Module 5: Model Evaluation and Validation
- Assess model fairness by computing disparity metrics across demographic groups (e.g., false positive rates by gender).
- Conduct holdout testing on unseen time windows to evaluate real-world generalization, not just in-sample fit.
- Perform error analysis by clustering misclassified instances to identify systematic model weaknesses.
- Validate business impact through A/B testing, measuring lift in conversion or reduction in false alarms.
- Use calibration plots to adjust predicted probabilities when models are overconfident.
- Test model robustness by introducing synthetic noise or adversarial examples to evaluate degradation.
- Document model limitations and edge cases in a model card for stakeholder transparency.
Module 6: Model Deployment and Integration
- Deploy models as REST APIs using Flask or FastAPI with rate limiting and input validation.
- Implement canary rollouts to route 5% of traffic to a new model version and monitor for anomalies.
- Integrate model outputs into business rules engines or workflow systems (e.g., Salesforce automation).
- Design stateless inference services to support horizontal scaling under variable load.
- Cache frequent predictions (e.g., customer risk scores) to reduce latency and compute costs.
- Ensure models operate within latency SLAs (e.g., <100ms response time) by optimizing feature computation and model size.
- Handle version conflicts by maintaining backward compatibility in API contracts during model updates.
Module 7: Monitoring, Maintenance, and Retraining
- Monitor prediction drift by tracking changes in output distribution (e.g., mean score shift over time).
- Set up alerts for data quality issues, such as missing features or out-of-range values in live inputs.

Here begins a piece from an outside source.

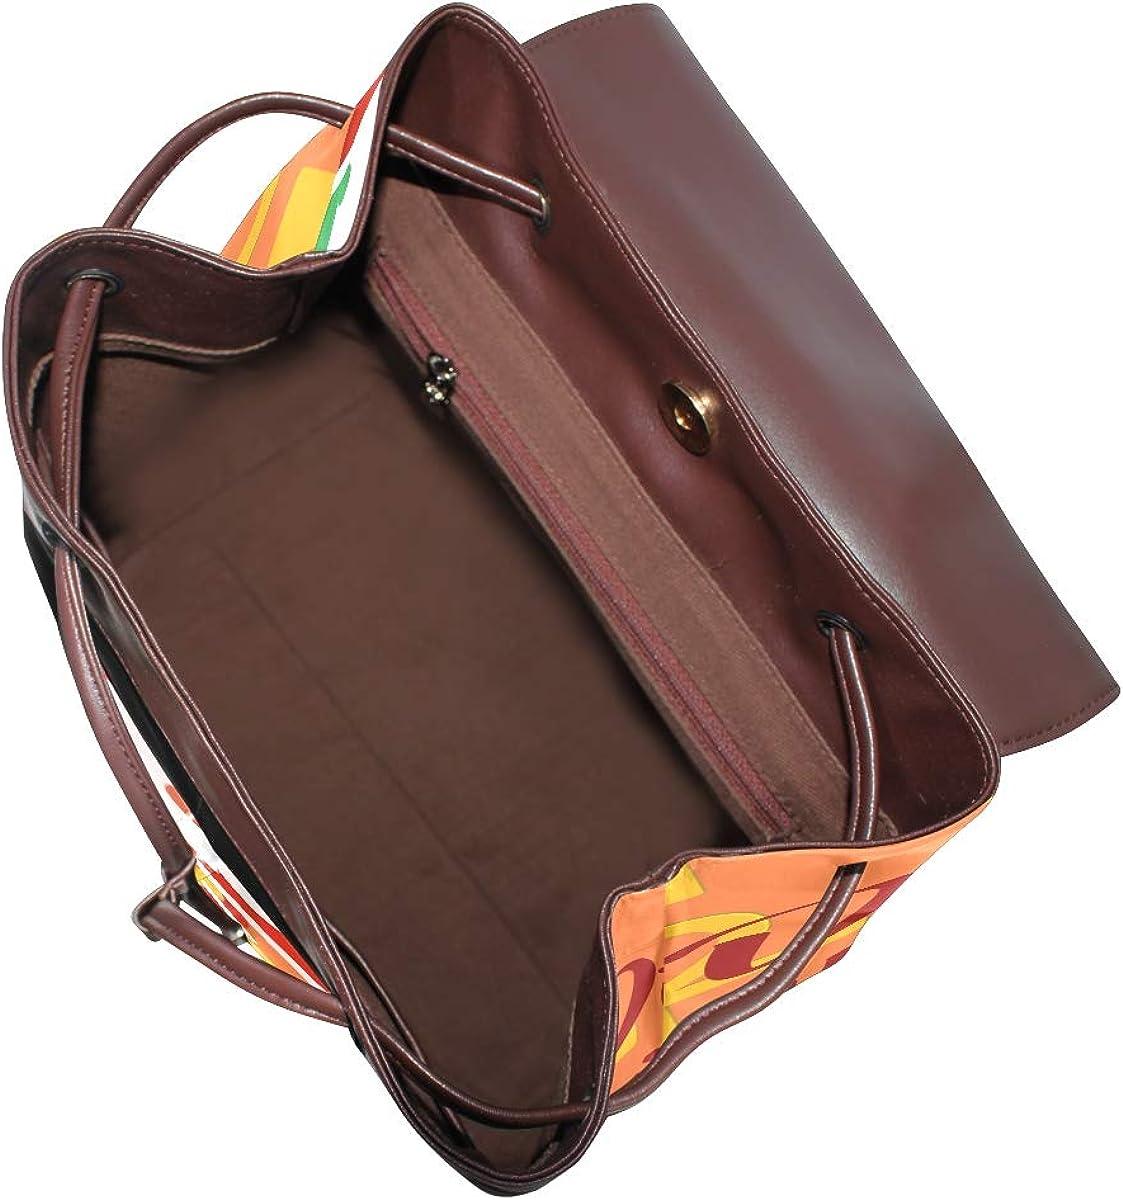 PU Leather Shoulder Bag,Dine With Santa Backpack,Portable Travel School Rucksack,Satchel with Top Handle

- Automate retraining pipelines triggered by performance decay or scheduled intervals (e.g., monthly).
- Compare new model versions against production baselines using shadow mode before cutover.
- Archive deprecated models and associated artifacts to meet data retention policies.
- Log inference requests for debugging, compliance, and potential future retraining.
- Update feature engineering logic in sync with changes in source data schema or business definitions.
Module 8: Governance, Ethics, and Compliance
- Conduct DPIAs (Data Protection Impact Assessments) when processing personal data under GDPR or similar regulations.
- Implement model access logs to track who queried predictions and for what purpose.
- Establish model review boards to evaluate high-risk applications (e.g., credit scoring, hiring).
- Document data provenance and model decisions to support right-to-explanation requests.
- Apply differential privacy techniques when training on sensitive datasets to limit re-identification risks.
- Enforce model usage policies by restricting API access to authorized applications and teams.
- Regularly audit models for bias using standardized fairness metrics and remediate when thresholds are breached.
Module 9: Scaling AI Across the Enterprise
- Standardize model development workflows using MLOps templates and CI/CD pipelines.
- Centralize model registry and metadata management to improve discoverability and reuse.
- Train business units on interpreting model outputs to prevent misuse or overreliance.
- Negotiate compute budget allocation between teams using cloud cost monitoring tools.
- Develop APIs for self-service feature access to reduce dependency on data science teams.
- Integrate AI insights into executive dashboards using BI tools (e.g., Power BI, Tableau).
- Establish feedback loops from operations teams to refine models based on real-world outcomes.